L'accusée a une nouvelle fois démenti avoir torturé et tué Sophie Lionnet, dont le corps carbonisé a été retrouvé le 20 septembre 2017. Elle a reconnu uniquement l'avoir frappée avec un câble électrique à une reprise.
Sabrina Kouider et Ouissem Medouni s'accusent mutuellement du meurtre. "Je n'ai pas tué Sophie", a martelé Sabrina Kouider. "Je traitais bien Sophie. Je la respectais", a-t-elle dit, avançant avoir même été "trop gentille" et "trop généreuse" avec la jeune fille.
Sabrina Kouider était persuadée que la victime avait comploté avec Mark Walton, père d'un de ses deux garçons et fondateur du boys band Boyzone, pour droguer et abuser sexuellement de sa famille. Pour la faire avouer, Ouissem Medouni et elle lui faisaient subir des interrogatoires musclés et enregistrés, le dernier, filmé, ayant été mené peu avant son décès.
"Si ce n'était pas vrai, pourquoi Sophie est venue me le dire", a-t-elle rétorqué au procureur Richard Horwell qui l'interrogeait. "Peut-être essayez-vous de protéger Mark Walton. Oui, vous essayez de protéger Mark Walton", lui a-t-elle lancé, accusant aussi la police de n'avoir pas agi.
"Tout est toujours la faute de quelqu'un d'autre avec nous, n'est-ce pas?", a déploré le magistrat.
Interrompant régulièrement le procureur, Sabrina Kouider s'est énervée, haussant le ton et s'exprimant d'une voix tremblante et saccadée, parfois ponctuée de pleurs.
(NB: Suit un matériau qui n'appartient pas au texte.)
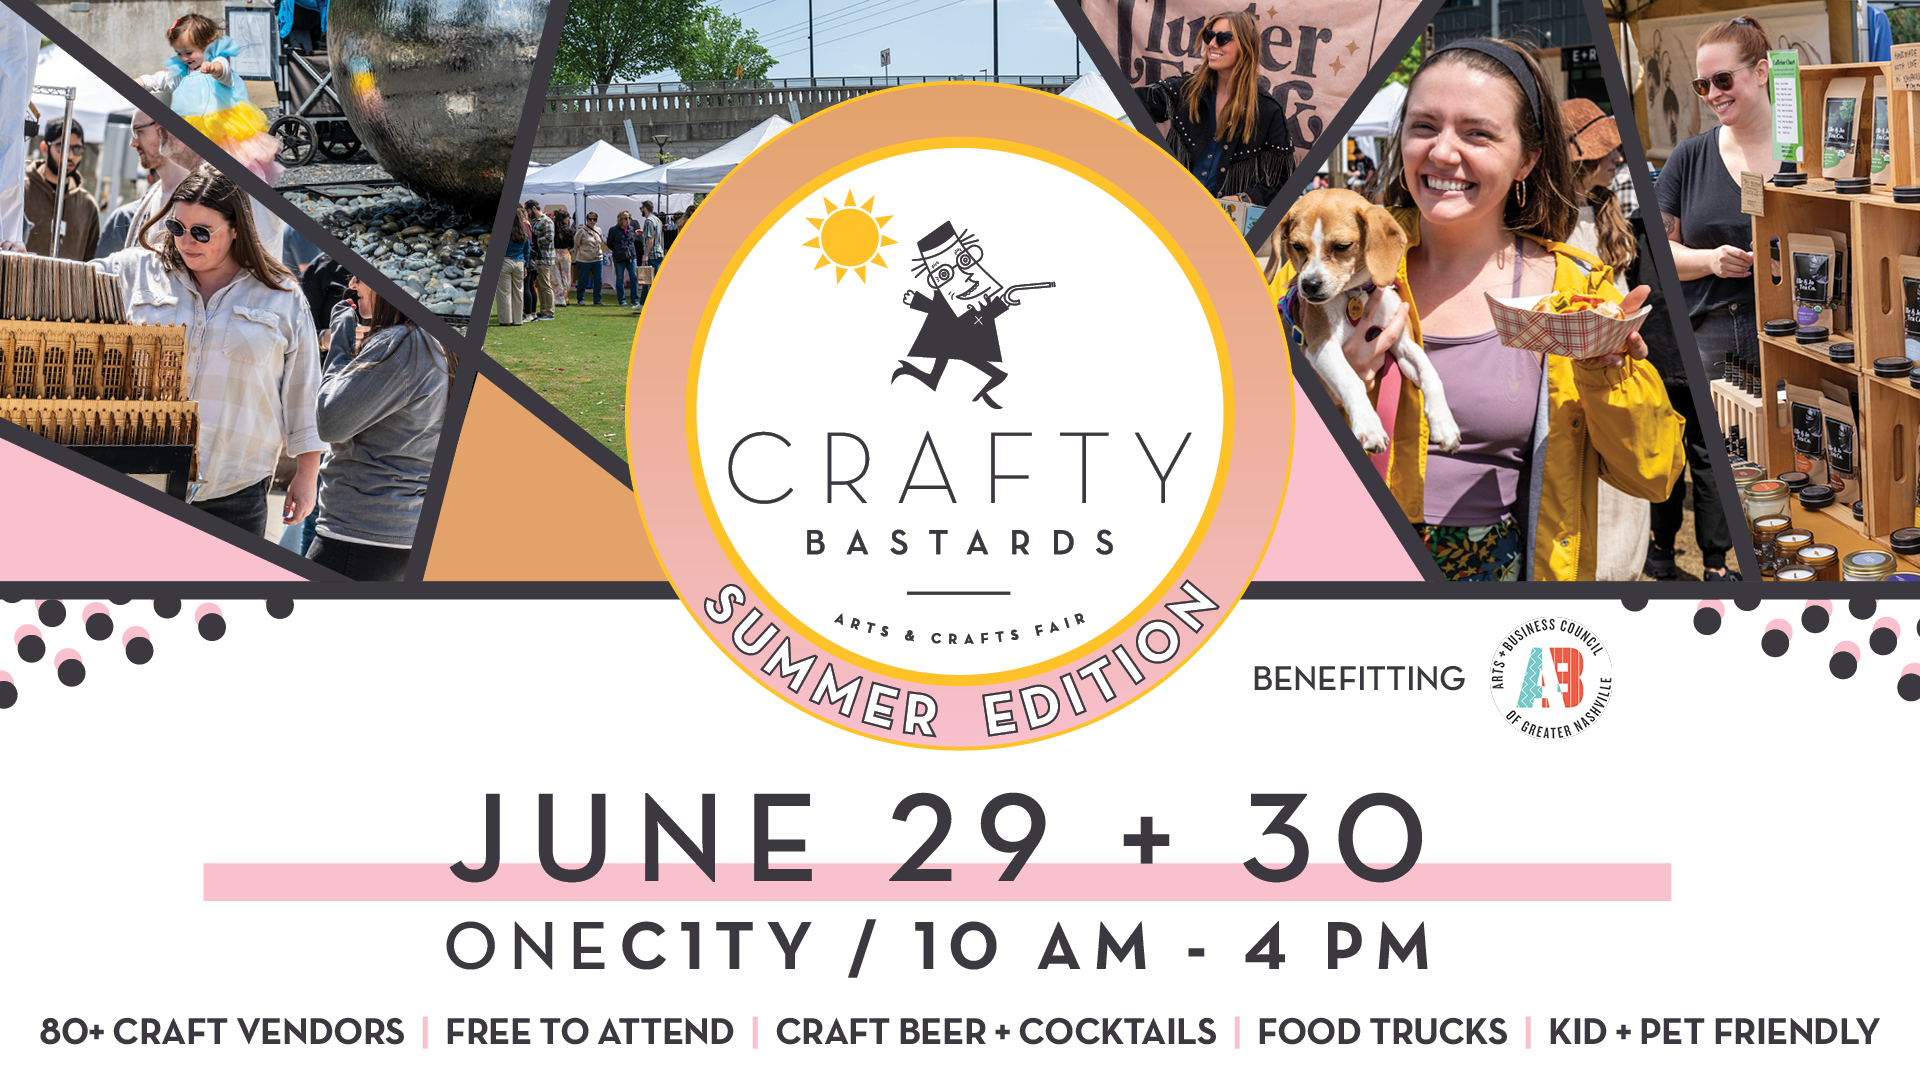 Crafty Bastards Arts & Crafts Fair Nashville, TN - Summer Edition
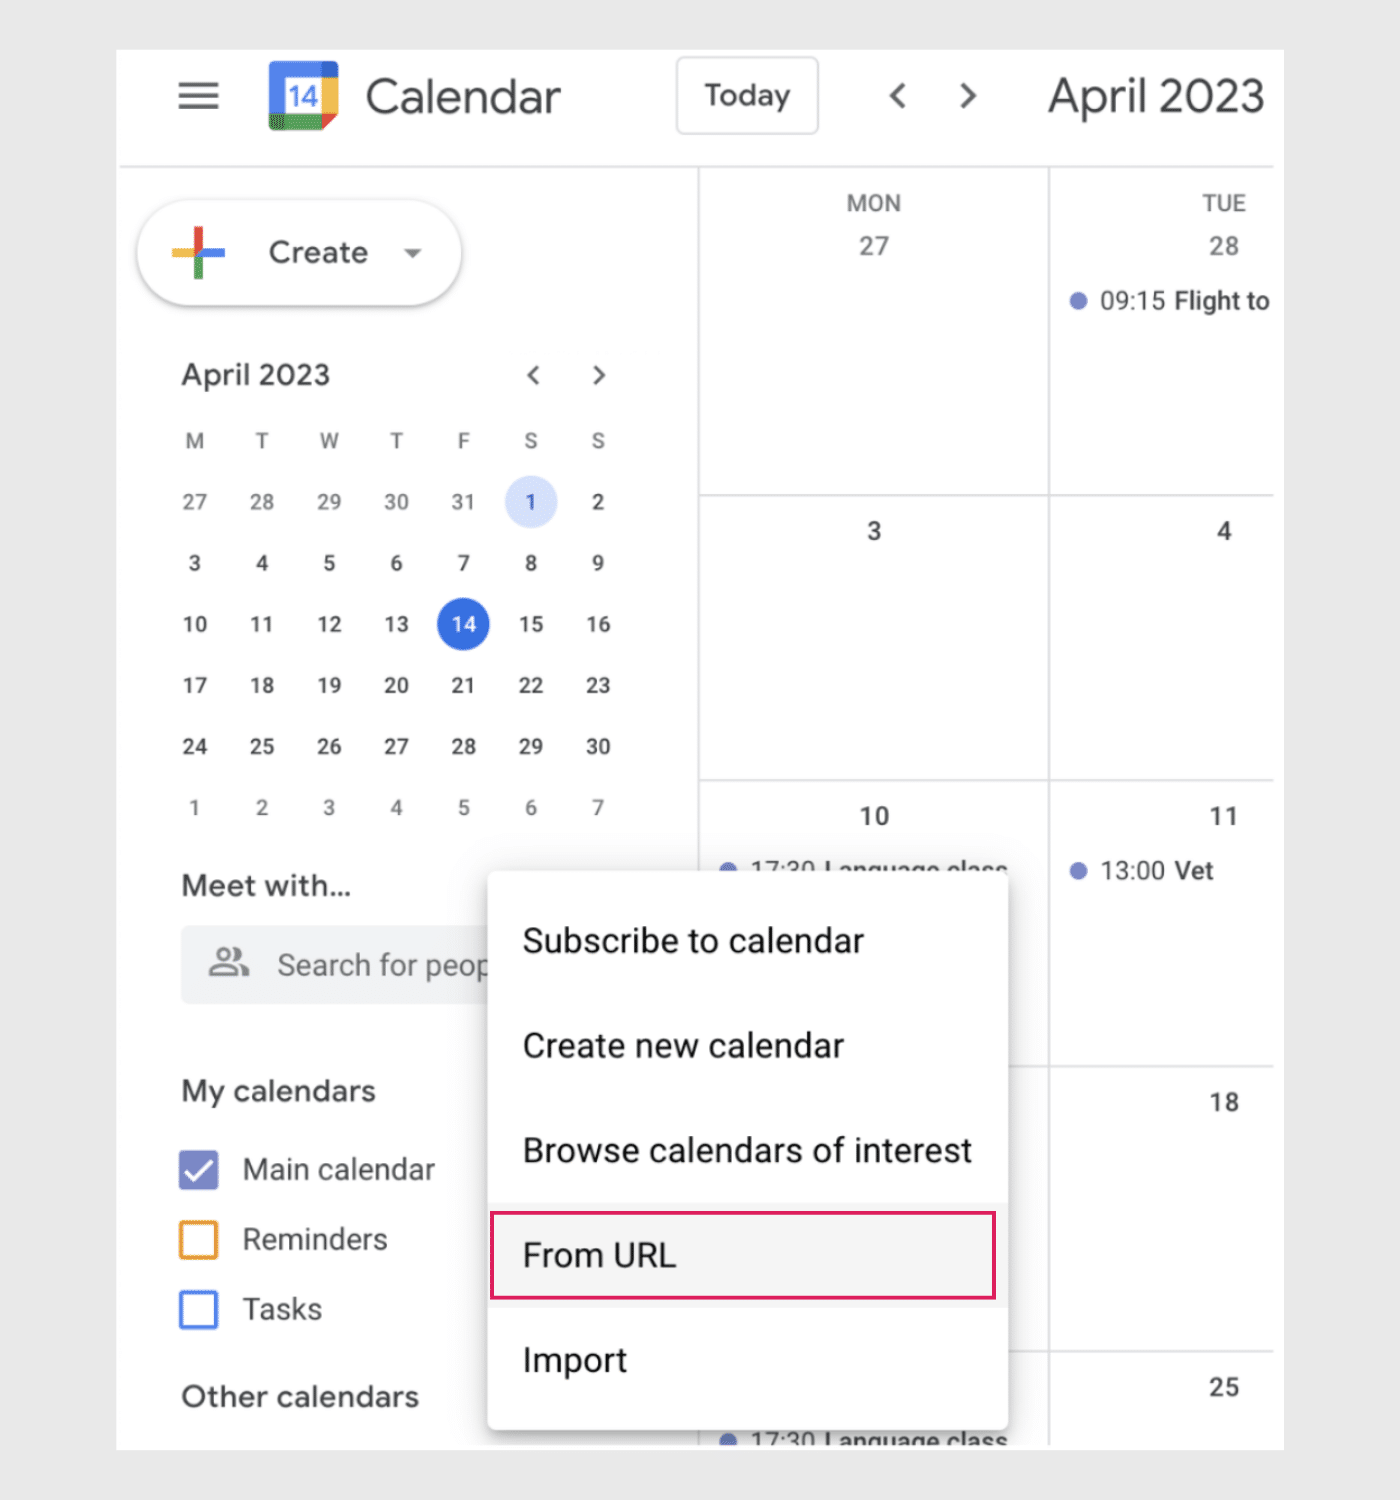 How to Sync Microsoft Teams Calendar with Google Calendar

"Sophie, elle me rendait folle!", a-t-elle fini par lâcher. "Elle agissait de manière malfaisante" mais "elle jouait la victime", a-t-elle
ajouté. "C'était moi la prisonnière (...) pendant que Sophie se baladait (dans la maison) avec Mark Walton", a-t-elle encore affirmé.
Le procureur lui a demandé de regarder une photo de la victime, où elle apparaît émaciée et effrayée, peu avant sa mort. "Que diable est-il arrivé à cette femme?".
"Je ne sais pas", a répondu l'accusée, blâmant la mauvaise qualité de la photo avant de noter que Sophie Lionnet était "mince". Richard Horwell a mis en exergue ses incohérences.
"Vous êtes le dernier témoin dans cette affaire. Ceci pourrait être la dernière occasion pour vous de dire à ce jury ce qui s'est passé", lui a-t-il fait remarquer. "Avez-vous quelque chose à dire?" "Non. J'ai tout dit et tout ce que j'ai dit est vrai", a rétorqué Sabrina Kouider. Plus tard, pressée de questions, elle s'effondre en pleurs: "Je n'en peux plus".
Le procès, commencé le 19 mars, se poursuit la semaine prochaine.